If you will excuse my indulgence I will use an example of an organisation dear to my heart.   I am on the governing body of; the Fred Hollows Foundation NZ.  We exist to eliminate avoidable blindness.  Excuse the pun but; this is our very clear focus!  Our sphere of operation is in the Pacific.  

However while this is a noble and lofty aim, by itself it is aspirational rather than being overly practical.  Hence the governing body along with management also needs to set the strategy through which it intends to achieve the aspirational goal or goals.  i.e. the practical steps we as an organisation will undertake.

Again to use Fred Hollows Foundation NZ as an example; we have four clear strategies we focus on;

  1. Perform eye surgeries
  2. Train eye doctors and nurses from the islands, for the islands, in the islands
  3. Help strengthen local health ministries
  4. Research and measure

Our strategic plans provide further break down and detail on these main strategies to achieve our overall aim.   As we are clear on the strategies it is then logical to monitor and measure our progress using these strategies as our lens.   Accordingly, our board reporting dashboard and KPIs are focused around these four strategies.  And while we have not explicitly called it as such; much of our annual stakeholder communication is a summation of our achievements against these KPIs that we could easily re-present as a statement of service performance in future.

Success Tips

There is a very important paragraph in the accounting standard that states the following:

The statement of service performance need include only the outputs that are significant to the performance of the entity.

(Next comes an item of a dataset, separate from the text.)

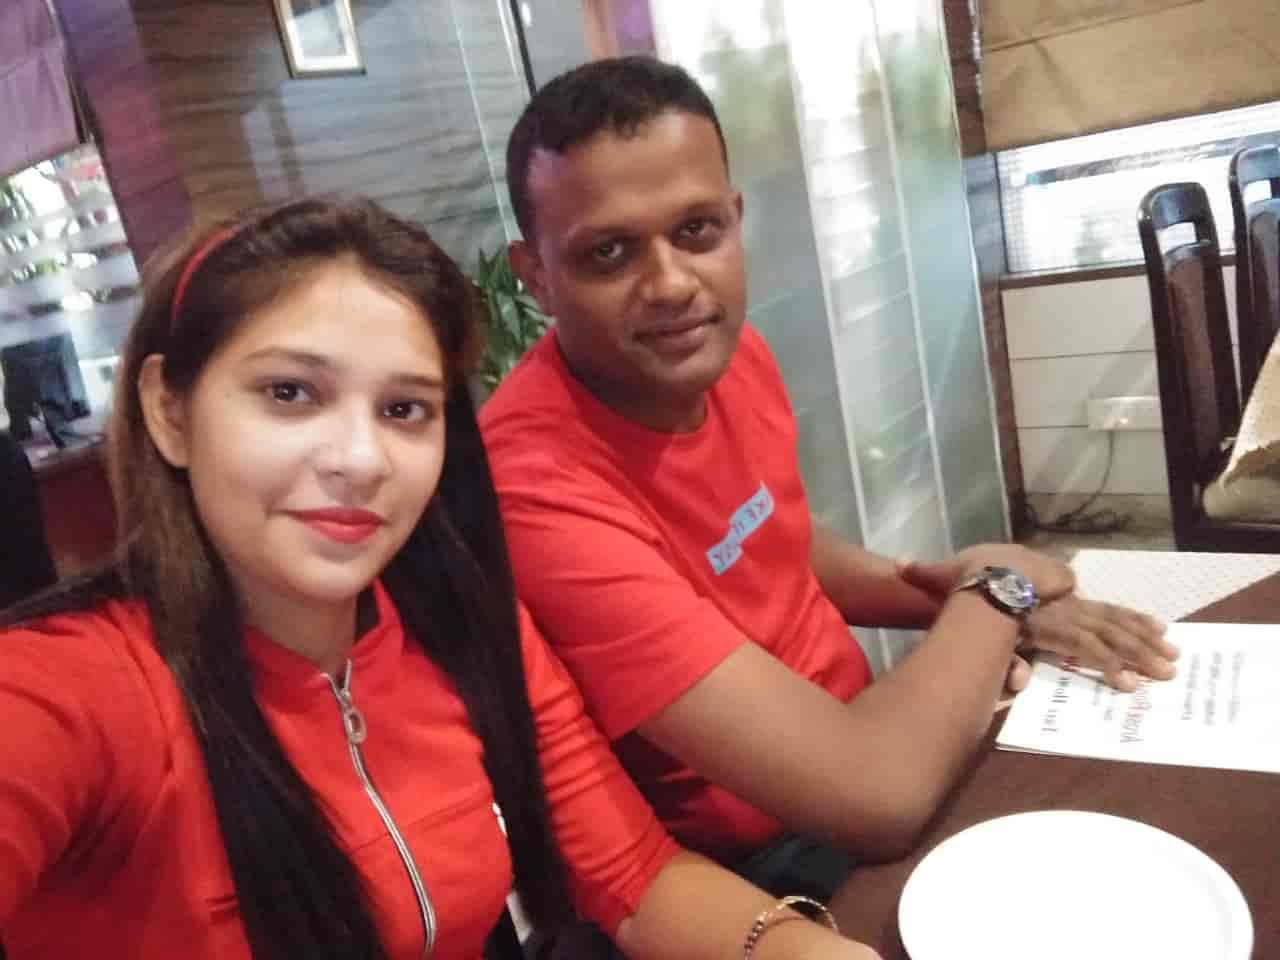 Vira Matchmaker, Panchkula - Matrimonial Bureaus For

It is not expected to include a detailed account of everything the entity does.

Or put another way; clarity often comes from brevity.   Beware the temptation of trying to report too much and hence losing the clarity, and impact of the reporting.   Giving people too much detail often is counterproductive to focusing on the important matters.   Rather than focusing on a lot of the detail the performance report essentially requests PBEs to report on their KPIs (key performance indicators).  That is, those key measures that show whether the organisation is achieving its aims or not.

Another key consideration is how you can best present your SSP information.  “A picture tells a thousand words” may be a cliché…but it is also true.  Graphical presentation can often be an innovative and much more attractive and successful means to quickly tell your organisation’s story. 

And what about audit?

If the entity is subject to audit then this information will have to be audited.  Hence for many PBEs this entire performance report will also require to be audited.  That is, the auditors will also have to opine over the entity and statement of service performance report information as well as the other financial information. Hence the auditor will be reviewing to see that all key relevant KPIs are appropriately reported against.

The auditor will also need to understand, and then test to assess the accuracy of, the systems used to record the statement of service performance information reported.    Hence the organisation being audited will have a much easier process if they have good clear systems for how they record their service performance information.

Summary

This is a new requirement and will require some hard thinking by organisations regarding what service performance information to present for their organisation and how best to present it.  It may also require new information recording systems to be developed to ensure that the service performance information being collected is reliable.

However, at a conceptual level, an organisation with a clear vision and mission that is then further expanded into a strategic plan with KPIs or other milestone targets should have little difficulty in providing a valuable performance report.   And hopefully by the mandatory requirement for entities to consider their outputs and outcomes we should see better focus on the things that really matter towards achieving their purpose.